Here’s how the responses broke down:

  • 36% of respondents prefer deals below $100M EV

  • 16% are targeting $100–250M EV

  • 23% favor the $250–500M EV band

  • 25% are looking at platforms above $500M EV

What this says about the market: Platform strategies are diverging. The majority of GPs are no longer clustering around the $100–500M middle—only 39% of respondents selected that range. Instead, preferences are consolidating at the edges: either go small and agile, or big and built-out.

The 36% preferring sub-$100M platforms reflects where value creation is still hands-on: fragmented sectors, flexible pricing, and room for add-ons. These deals often benefit from less competition, more proprietary sourcing, and faster closing cycles—especially in verticals like healthcare services, industrials, and niche tech.

On the other side, the 25% now focusing on $500M+ deals signals something equally strategic. These firms are looking for resilient platforms that can anchor multi-asset theses, attract strategics, and support leverage even in a tight debt environment. Scale buys pricing power, margin insulation, and more exit optionality. Many of these buyers are large-cap sponsors, sovereign-backed funds, or multi-strategy platforms leaning on cross-fund capital.

The real surprise? The collapse in interest for the $100–250M EV zone, now the smallest cohort at just 16%. Historically considered PE’s “Goldilocks zone,” this range may be getting squeezed by two pressures: 1) too big to benefit from small-cap inefficiencies, and 2) too small to justify complex structuring, co-investment, or continuation vehicles.

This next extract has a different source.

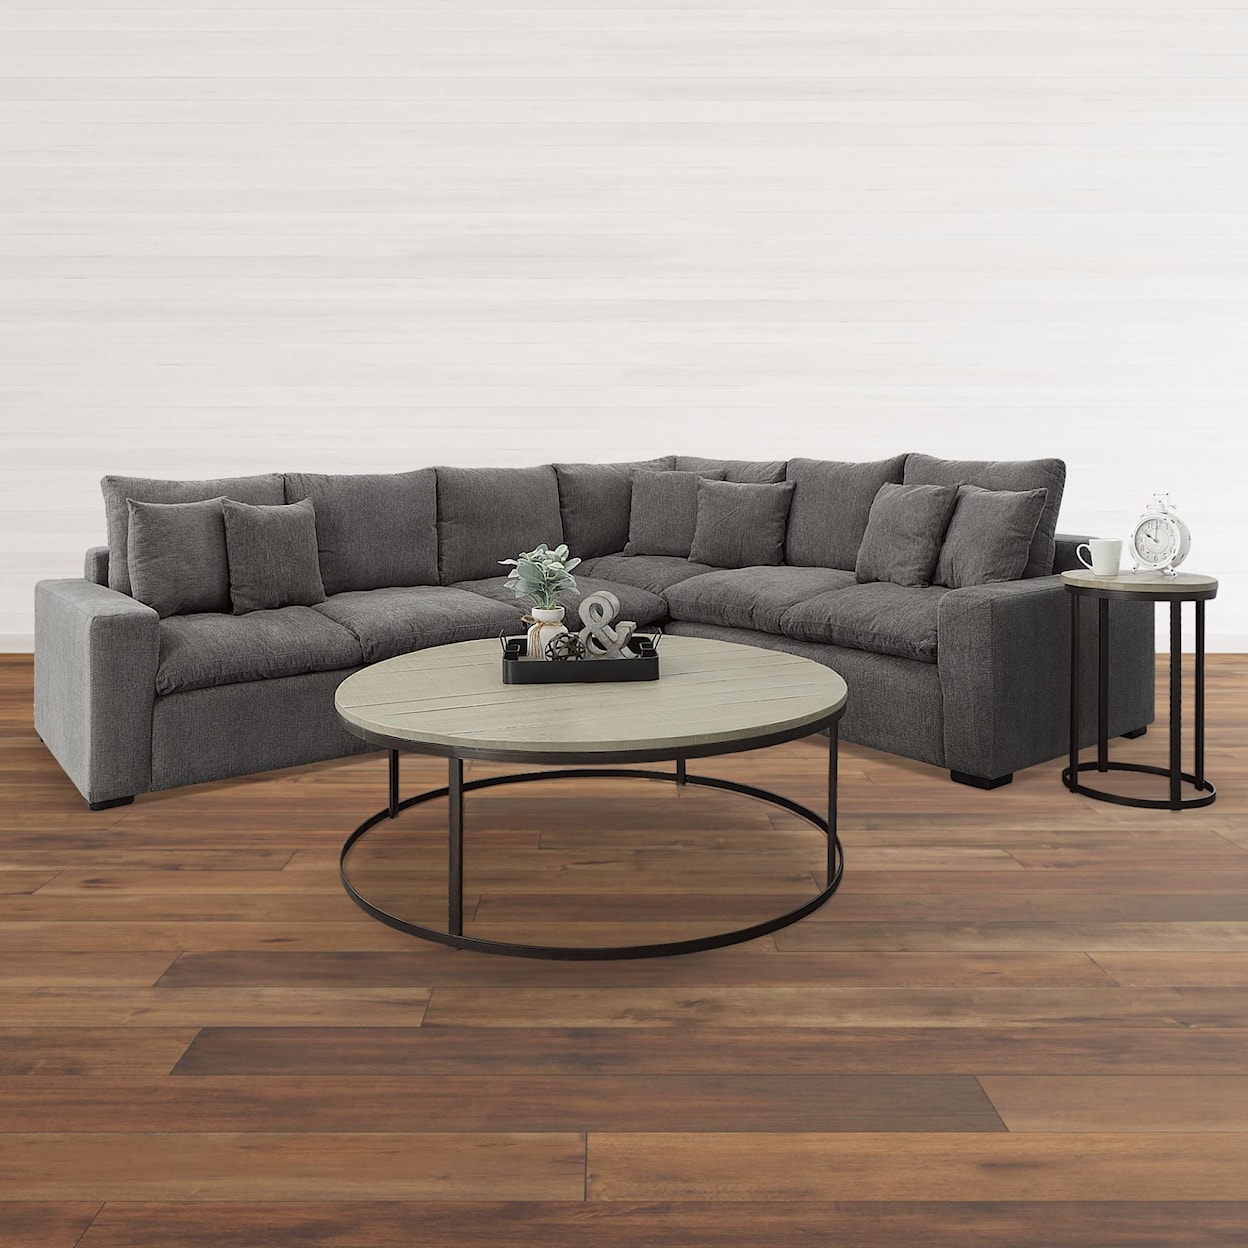 Elements International Frederick Natural Natural Round Coffee Table

Why this matters for GPs and LPs: The barbell is real—and it has implications. LPs allocating to middle-market buyout strategies should dig deeper into fund size, sourcing model, and platform design. A $250M fund playing in the $50–75M EV range has a very different risk/reward profile than a $3B fund deploying $500M into a single asset with bolt-ons in mind.

For GPs, the bifurcation suggests fewer “safe” bets in the middle. You’re either hunting small and building with discipline, or chasing scaled opportunities with institutional backing. In between, competition is high, valuations are sticky, and returns may be less differentiated.

Bottom line: The era of one-size-fits-all platform strategy is over. As capital costs, exit paths, and sourcing channels evolve, GPs are adapting their strike zones accordingly. And if this week’s survey is any indicator, 2025 will be a barbell year for buyouts.